= Atlas Axillia =

Sri Lankan stationery company

Atlas Axillia Pvt Ltd formerly known as Ceylon Pencil Company (Pvt) Ltd is a Sri Lankan stationery company which falls under the purview of private limited company and sells products under its brand Atlas. It is also a subsidiary of the Hemas Holdings. Atlas Axillia supplies school and office stationery products such as notebooks, pens, pencils and colour products.

== Corporate history ==
The Ceylon Pencil Company (Pvt) Ltd was founded on 29 September 1959 by D. S. Madanayake, at a time when the industry was under the firm dominance of the imported products. The Ceylon Pencil Company was later renamed as Atlas Axillia. Atlas Axillia currently operates two production houses in Kerawalapitiya and Peliyagoda.

In July 2017, Atlas Axillia collaborated with Chinese stationery brand DELI as part of the company's long-term strategy planning of becoming a fast moving consumer good business. The flagship brand of the Atlas Axillia Company, Atlas was recognised for being the most loved brand in 2017 and the brand was conferred with the National Quality Award in 2018 by the Sri Lanka Standards Institution.

In 2018, Hemas Group acquired approximately 75.1% stake of the ownership in Atlas Axillia for 5.7 billion rupees as part of the synergy creation and differentiation strategies of the Hemas Group. It was revealed that the board of directors of Atlas Axillia were interested in partnering with Hemas Holdings by way of amalgamation process while also retaining 24.9% of the ownership of Atlas Axillia with the Madanayake family and the preexisting shareholders. Atlas Axillia eventually made a decision to establish a strategic alliance with Hemas Holdings in order to diversify and expand the international market operations. Despite the company's acquisition by a large conglomerate in the caliber of Hemas Holdings, Atlas Axillia continued to operate independently while being a subsidiary of Hemas Holdings.

In October 2019, coinciding with the International Children's Day, Atlas Axillia launched a special segment "Atlas Future Land" Mobile Activity Centre at the Colombo International Book Fair, to mark the occasion of the company's 60th anniversary since its inception.

In March 2020, Atlas Axillia developed a prototype Automated Guided Vehicle (AGV) robot model that had been incorporated with the salient feature of a home-grown robotic medical assistant. The company eventually donated the automated guided vehicle robot to hospitals during the peak of the COVID-19 pandemic in Sri Lanka for the medical professionals to treat the patients who were treated for the coronavirus disease.
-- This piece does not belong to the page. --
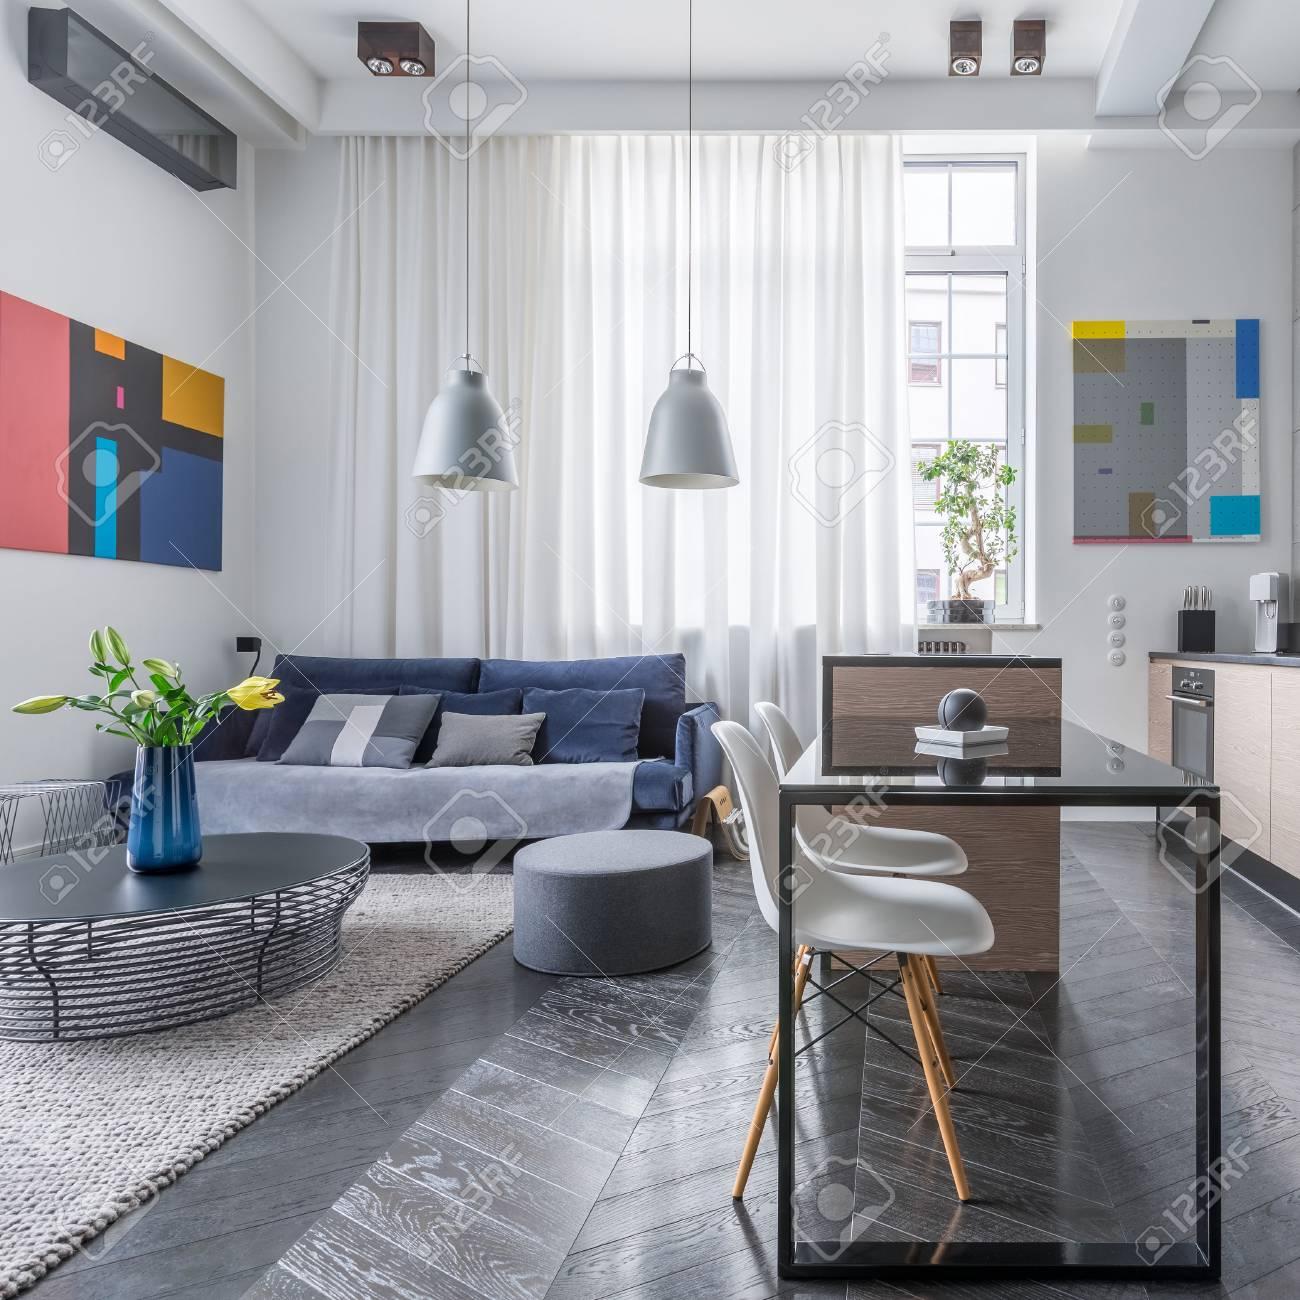 Moderne wohnzimmer mit offener küche  Modernes Apartment Mit Wohnzimmer Und Offener Küche Lizenzfreie ...
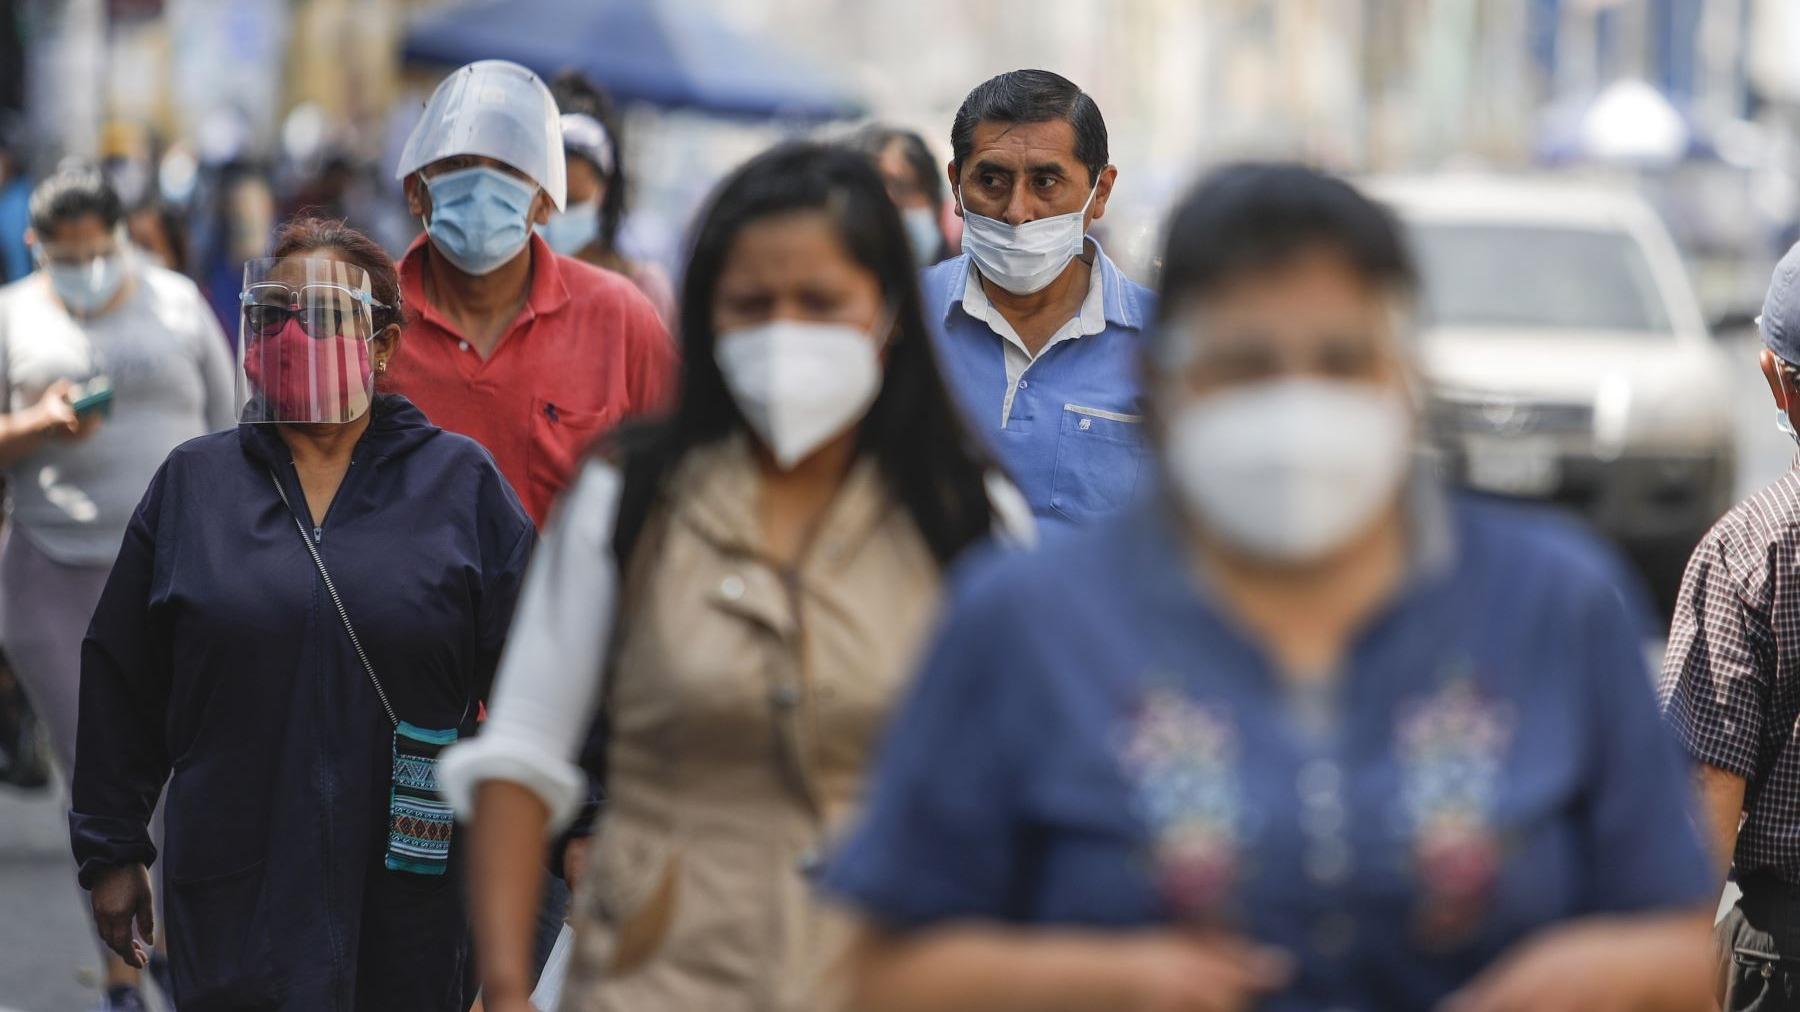 Defensoría del Pueblo insiste que el Gobierno distribuya mascarillas de calidad en zonas de alto riesgo de contagio

In August 2024, Atlas Axillia ventured into the toy market and sensory play by launching educational toys catering to school children under the brand name PlayPalz as a part of company's child development strategies.

== Boycott ==

Atlas Axillia, along with other local Sri Lankan national companies, had been affected as a part of a targeted anti-Muslim boycott campaign that was initiated by perpetrators on social media platforms following the April 2019 Easter Sunday church and hotel bombings. Following the Easter attacks, Atlas Axillia's business activities took a massive dent as their revenue streams began to crumble due to the hate campaign targeting Muslim-owned businesses in Sri Lanka.

The boycott of Atlas stationery brands trended in social media platforms as a result of the circulation of fake news about the composition, ownership, and organizational structure of the Atlas Axillia Company by falsified claims about the company being predominantly occupied by Muslims. The extent of the boycott campaign had also reportedly spread among school students who were ridiculed and punished for using Atlas branded stationery items at schools for their educational purposes, and the schoolchildren were forced to find replacement stationery brands.